While it is interesting to note that there exists a remarkably stark contrast between the interpretation by the Court of Appeal and the Supreme Court on the same legal provisions, it is important to note that according to Article 163 of the Constitution of Kenya 2010, the Supreme Court is the highest court in the jurisdiction and its decision on any matter is final and binding on all the judicial bodies below it, including the Court of Appeal. This matter has therefore been conclusively settled as such.
Zambia
In the case of Zambia, one of the country’s debt reform efforts worth noting on the legal front is the Dipak Patel vs Attorney General case, which was heard by the Constitutional Court in 2020. The case centred on whether the Zambian government needed parliamentary approval for external borrowing, and it had significant implications for the country’s debt management practices. The petitioners argued that the government had violated the Constitution by borrowing without the approval of the National Assembly and contended that the Constitution required such approval, and that the government’s failure to seek it was a breach of the law. However, the Constitutional Court, by a majority decision, dismissed the petition, finding that the requirement for National Assembly approval was not mandatory. Despite the Constitution of Zambia clearly stipulating that parliamentary approval is required for external borrowing, the Court erred by ruling that parliamentary approval was not mandatory. For instance, Article 63(2) of the Constitution provides that “the National Assembly shall have power to authorize by resolution, the raising of loans.”

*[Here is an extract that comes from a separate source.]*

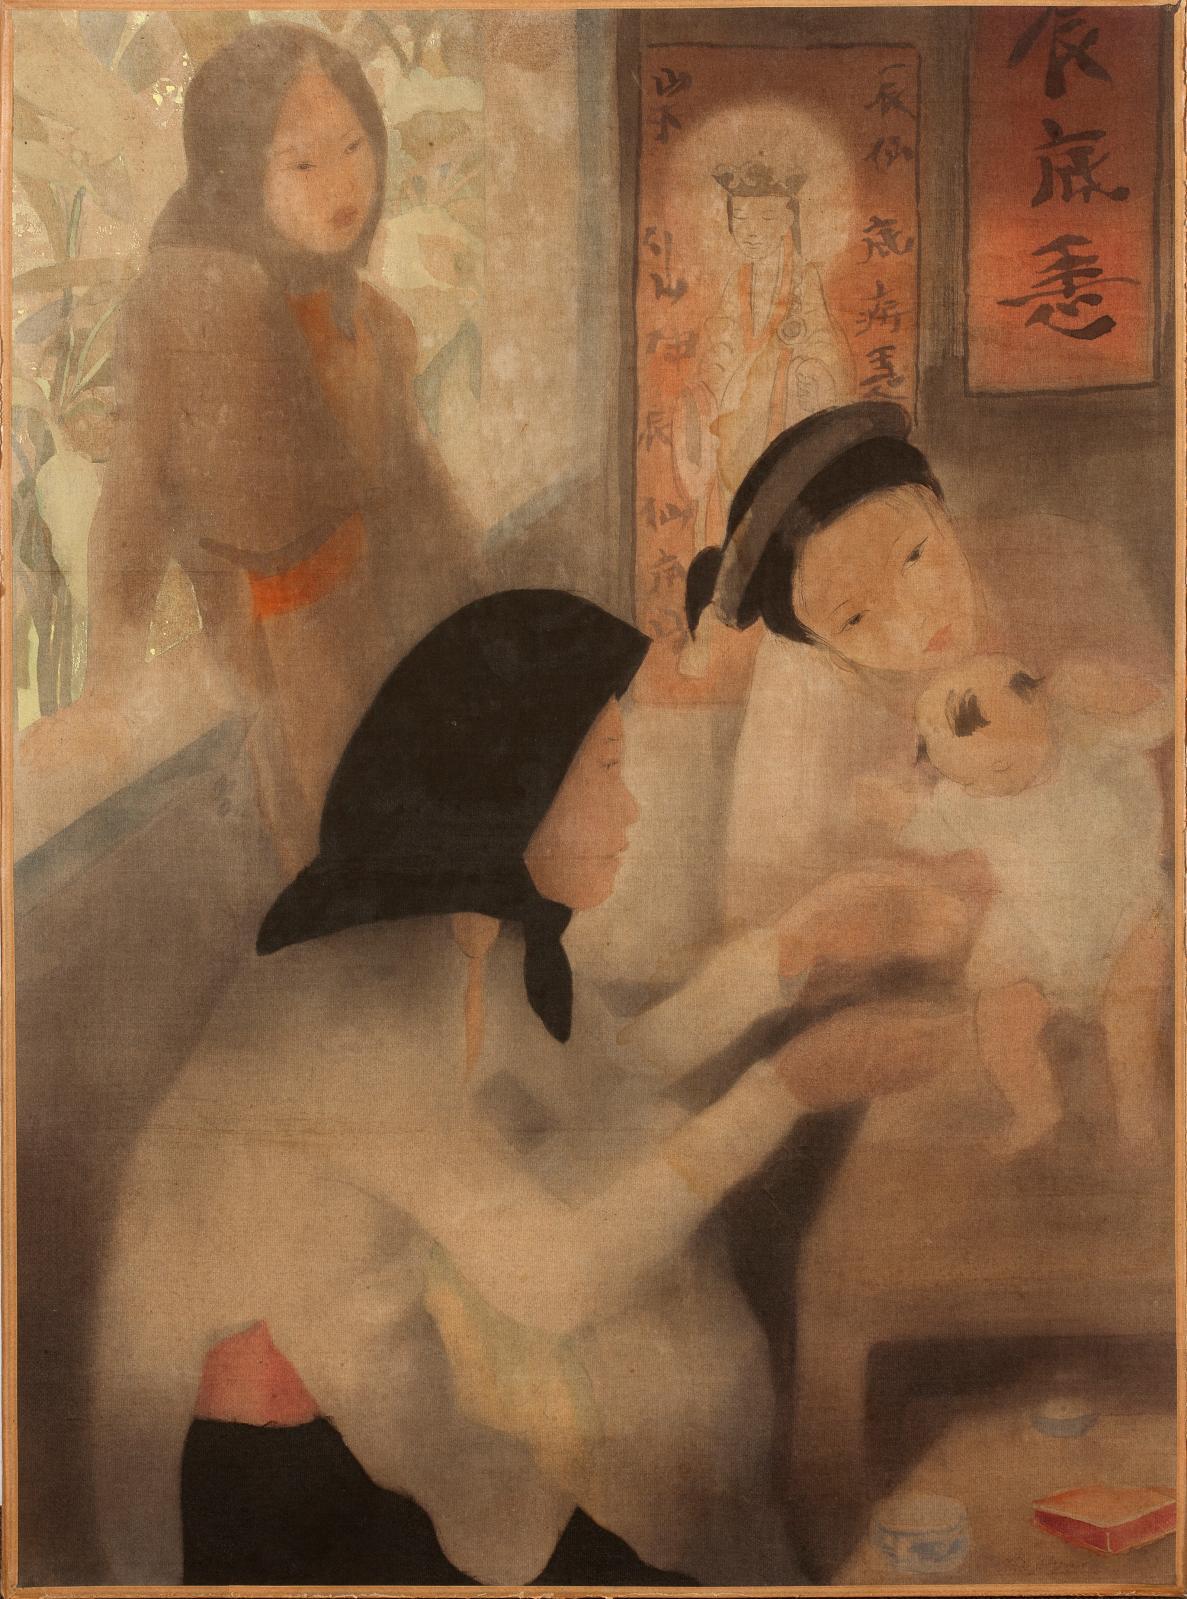 Assez atypique dans l'art d'Alix Aymé(1894-1989), cette œuvre délicate (51x38cm) retenait 50700€. Son sujet des plus séduisants, Les

The related implications of such a decision involve the explicit undermining of the role of the National Assembly in approving external borrowing. It is trite that Parliament ought to be given the necessary latitude to exercise its constitutional mandate to review and provide a more effective legislative scrutiny of public debt management. The court’s decision goes against the spirit of the Constitution and could set a dangerous precedent for future debt management practices in Zambia. Notably, the court’s decision lacks reason and was without judiciousness as it is ultra vires the Constitution.
Conclusion
The potency of the use of strategic litigation as a tool of judicial social engineering has therefore been put to such test. Over the years, AFRODAD has intensified advocacy around the importance of due regard of Parliamentary approval in debt contraction and loan ratification processes, disclosure, and publication of information on public debt management as these procedures are especially imperative to the determination of the legitimacy (or otherwise) of the debt. Undoubtedly, the majority of the highlighted Court rulings set a good precedent for other African countries and promotes the legal basis upon which to continue with such debt advocacy across the continent. While the rulings occurred in different contexts and under different circumstances, the rulings, in unison, resoundingly affirm AFRODAD’S position as laid out in the African Borrowing Charter and the Harare Declaration; borrowing powers, ceilings, approvals, and authorization procedures must all be anchored on
constitutional provisions and included in predictable debt management rules and regulations. In this light, the more independence the courts exhibit, the greater the level of public trust in judicial institutions to uphold the rule of law and promote constitutionalism in public debt management matters.